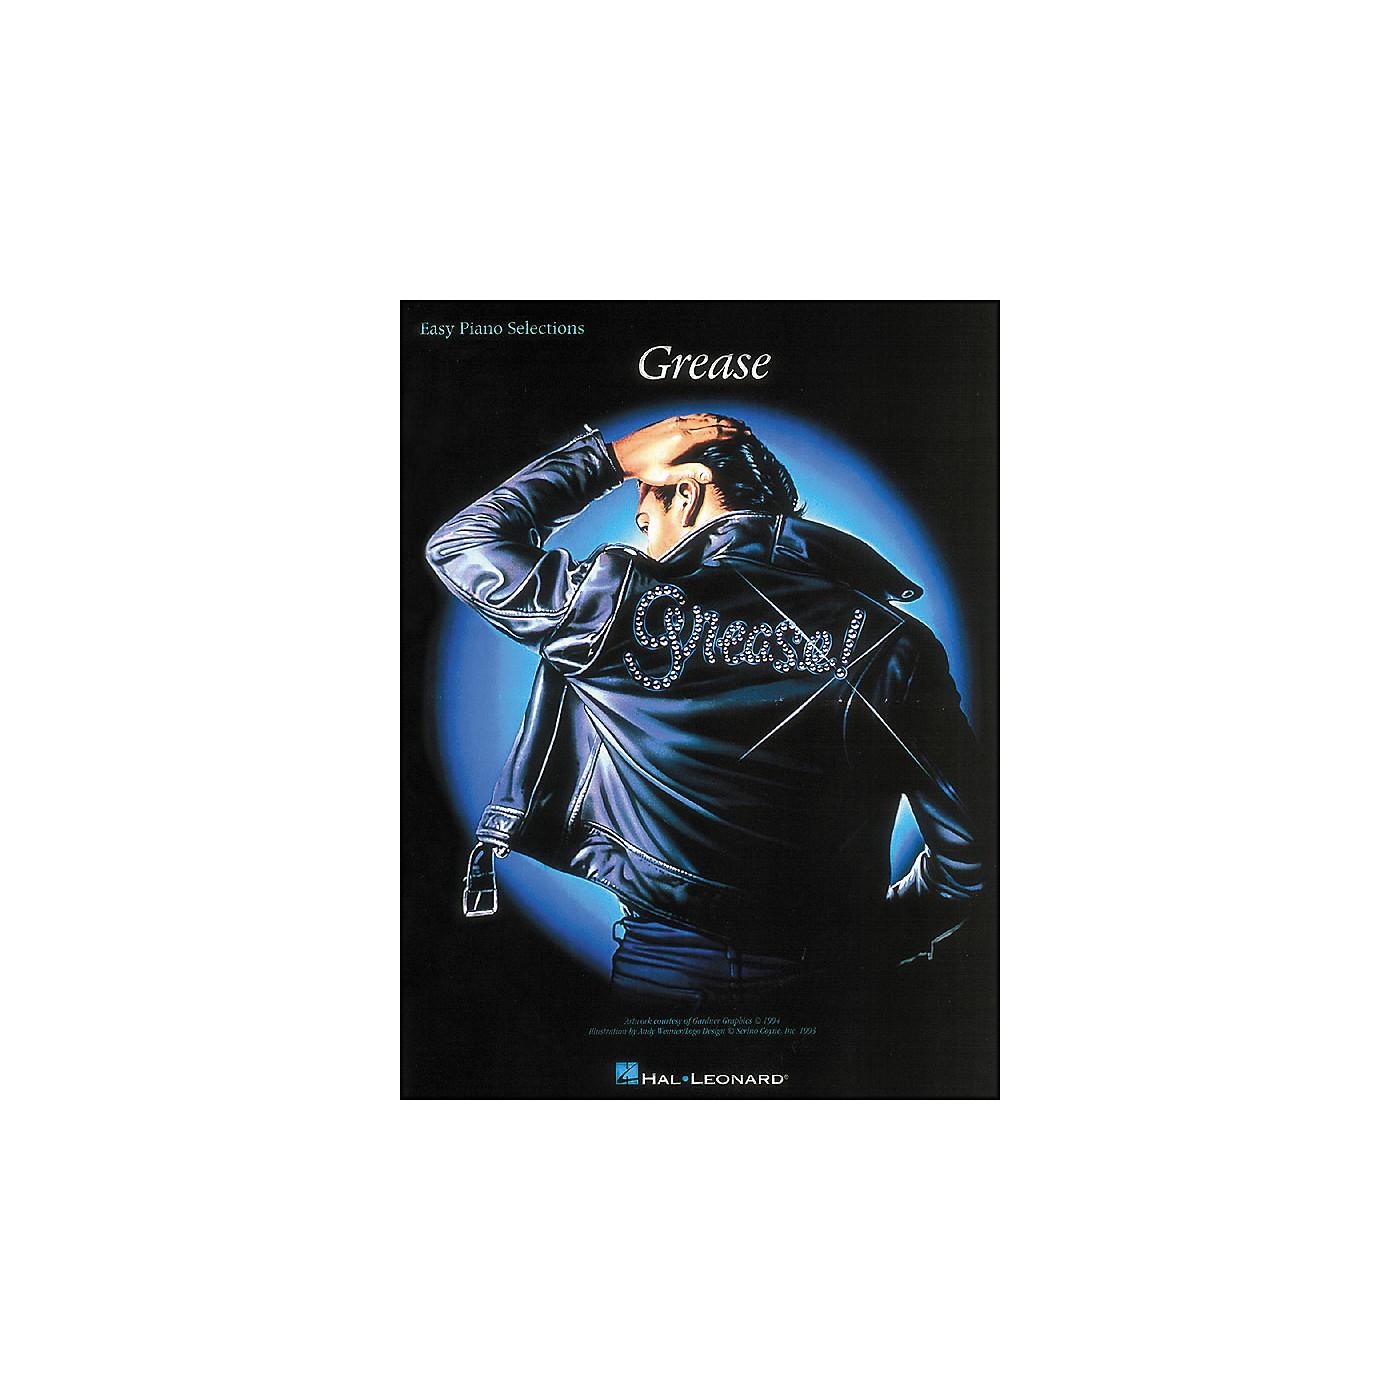 Hal Leonard Grease: Easy Piano Selections Songbook thumbnail
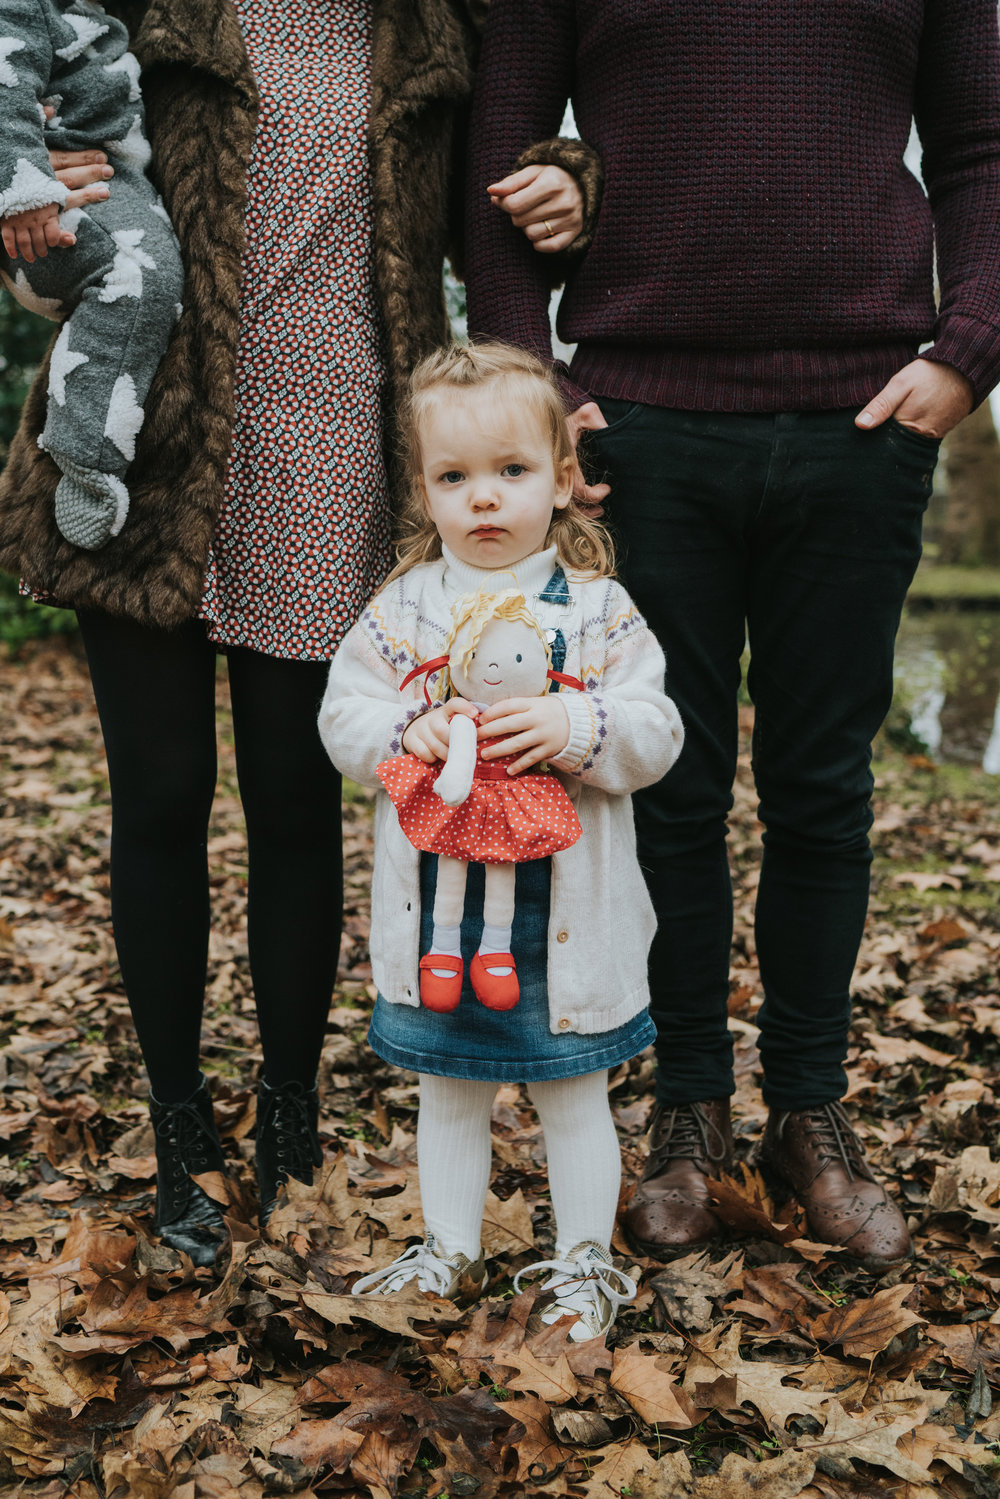 Hertfordshire-extended-family-session-grace-elizabeth-colchester-essex-alternative-wedding-photographer-suffolk-devon-norfolk (5 of 26).jpg
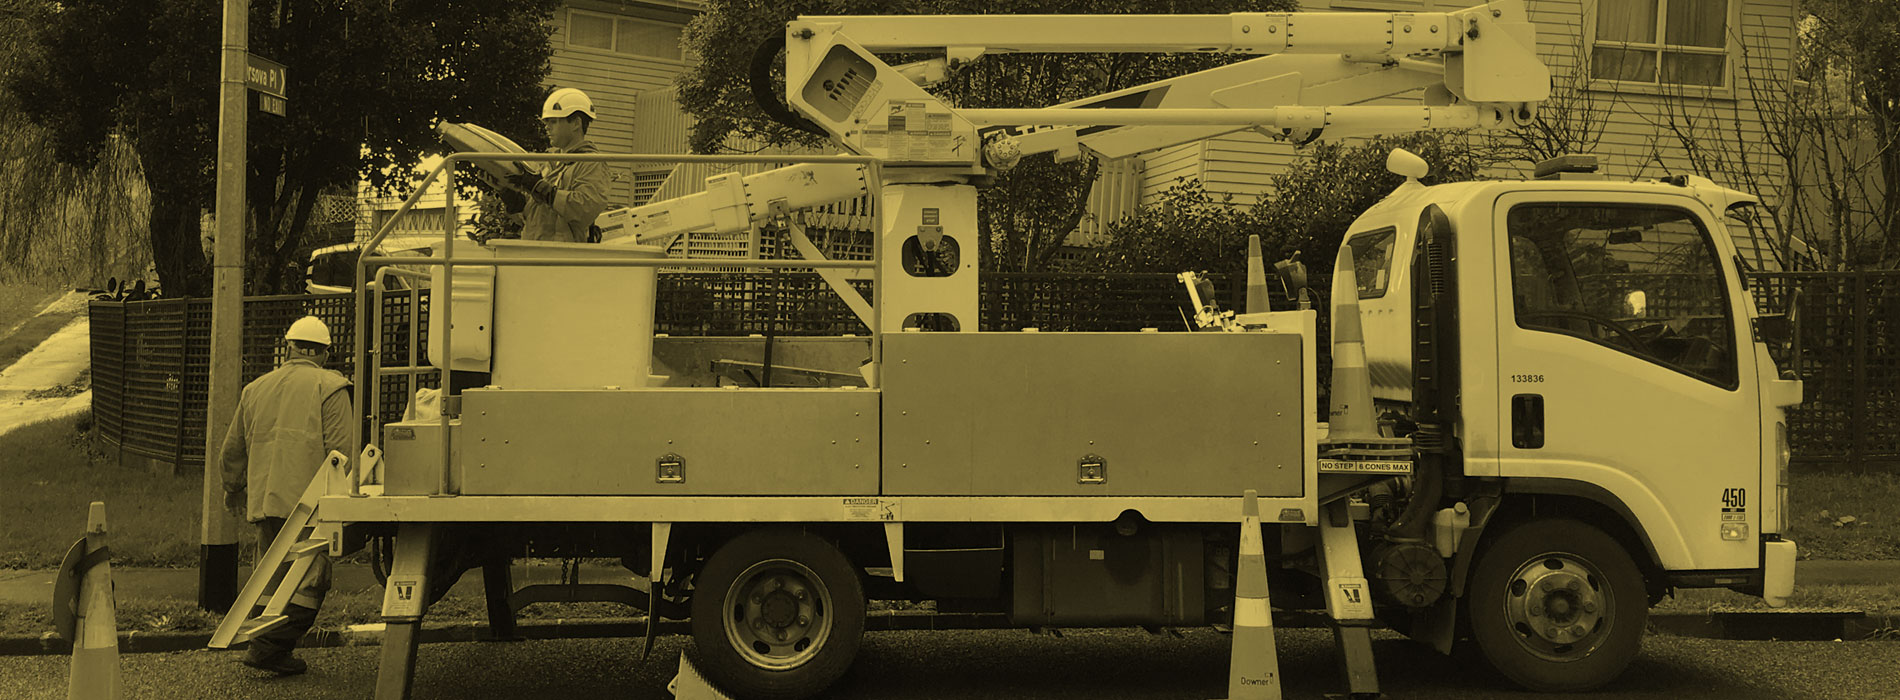 truck mount ewpa courses
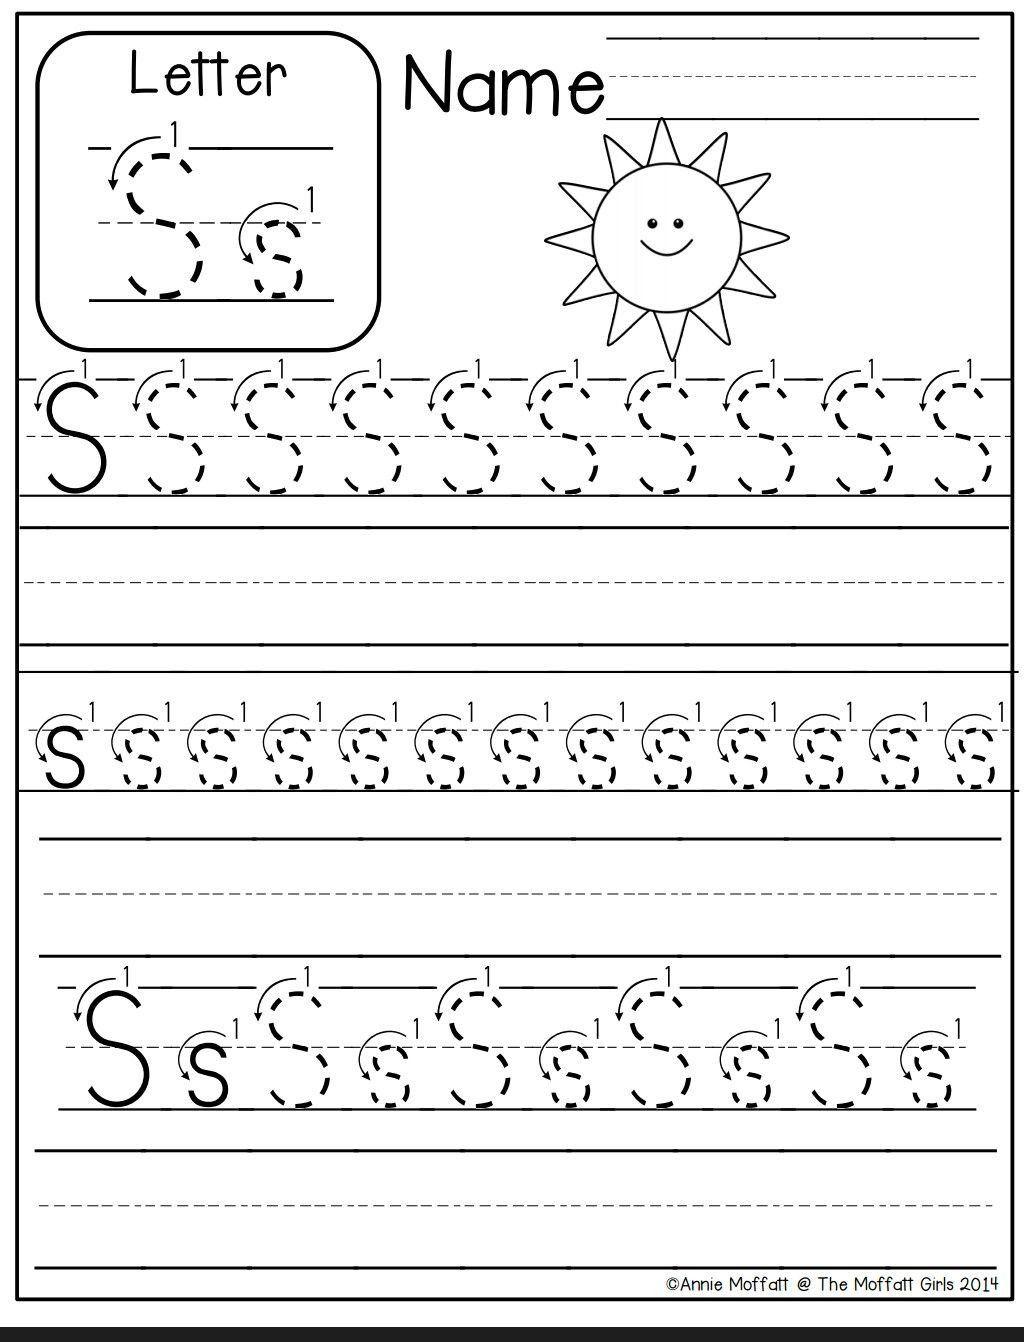 Writing Worksheets For Preschoolers Math Worksheet Incredible P In 2020 Writing Worksheets Kindergarten Alphabet Worksheets Preschool Kindergarten Worksheets Printable
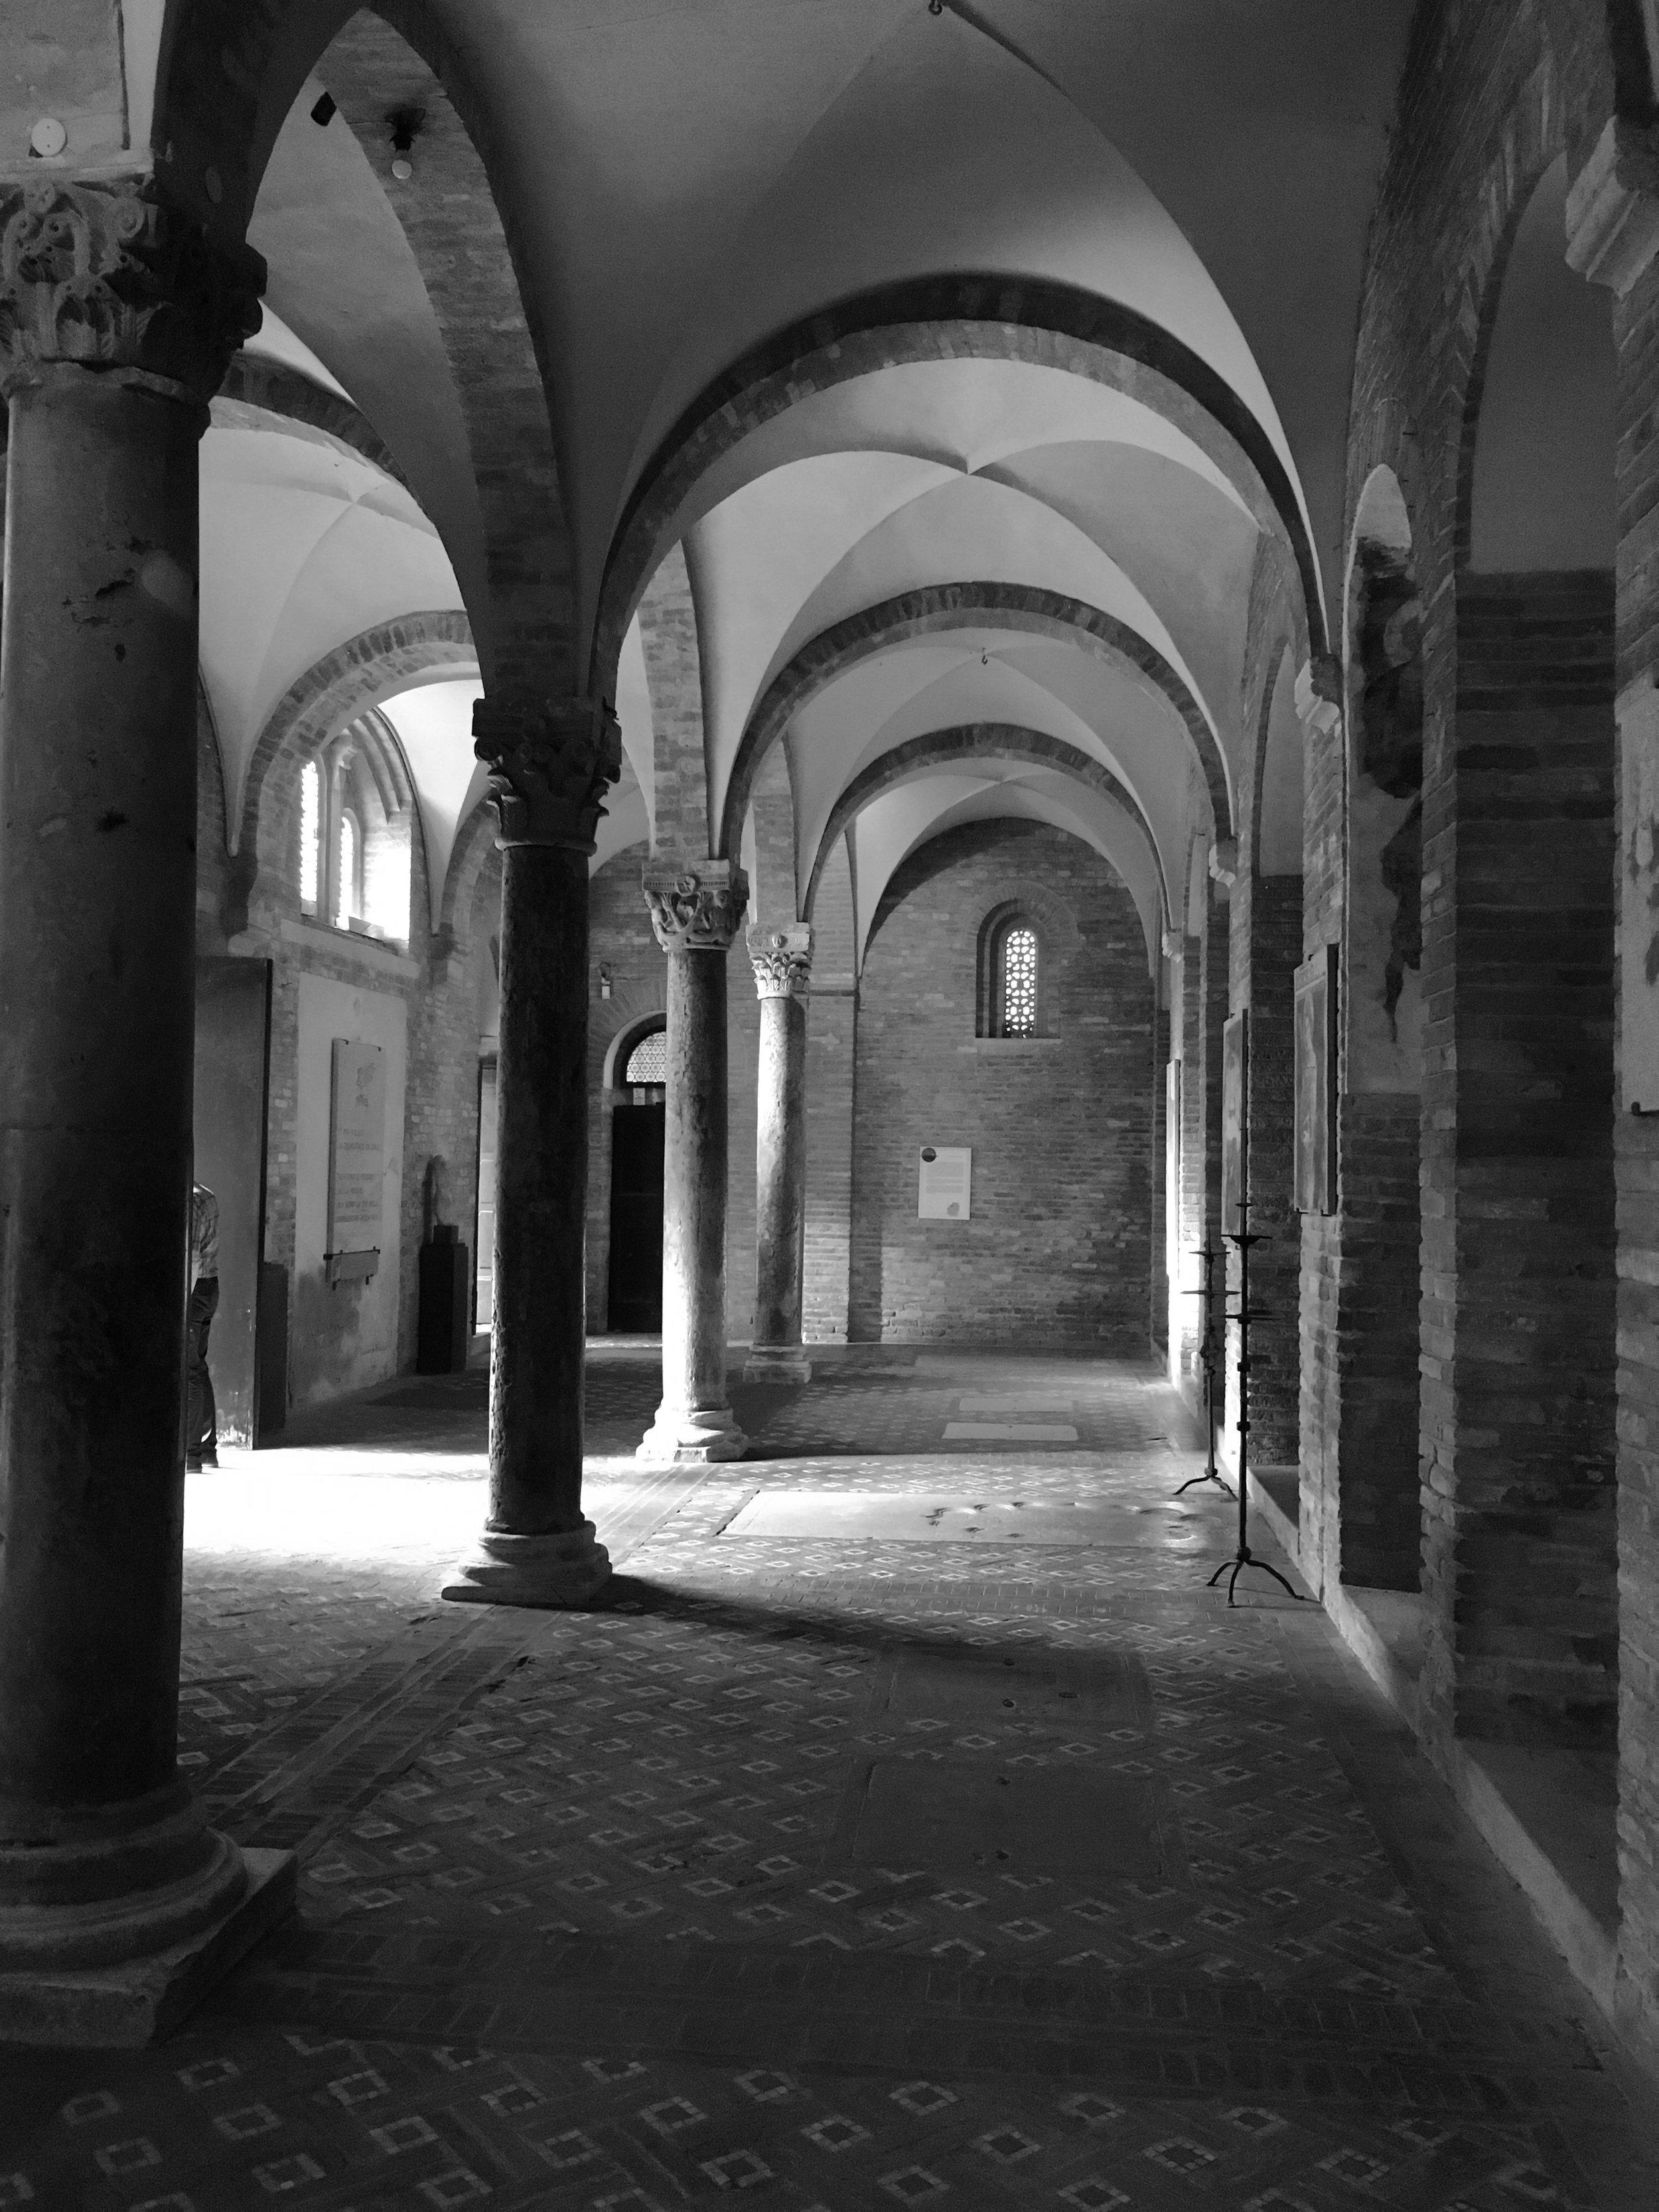 Santo Stefano in Bologna, Italy

**Activity**
Be exact. Write out all the entries and omit the pictures.

**The completed task**
 Hal Leonard Grease: Easy Piano Selections Songbook thumbnail
 Hertfordshire-extended-family-session-grace-elizabeth-colchester-essex-alternative-wedding-photographer-suffolk-devon-norfolk (5 of 26).jpg
 truck mount ewpa courses
 Writing Worksheets For Preschoolers Math Worksheet Incredible P In 2020 Writing Worksheets Kindergarten Alphabet Worksheets Preschool Kindergarten Worksheets Printable
 Santo Stefano in Bologna, Italy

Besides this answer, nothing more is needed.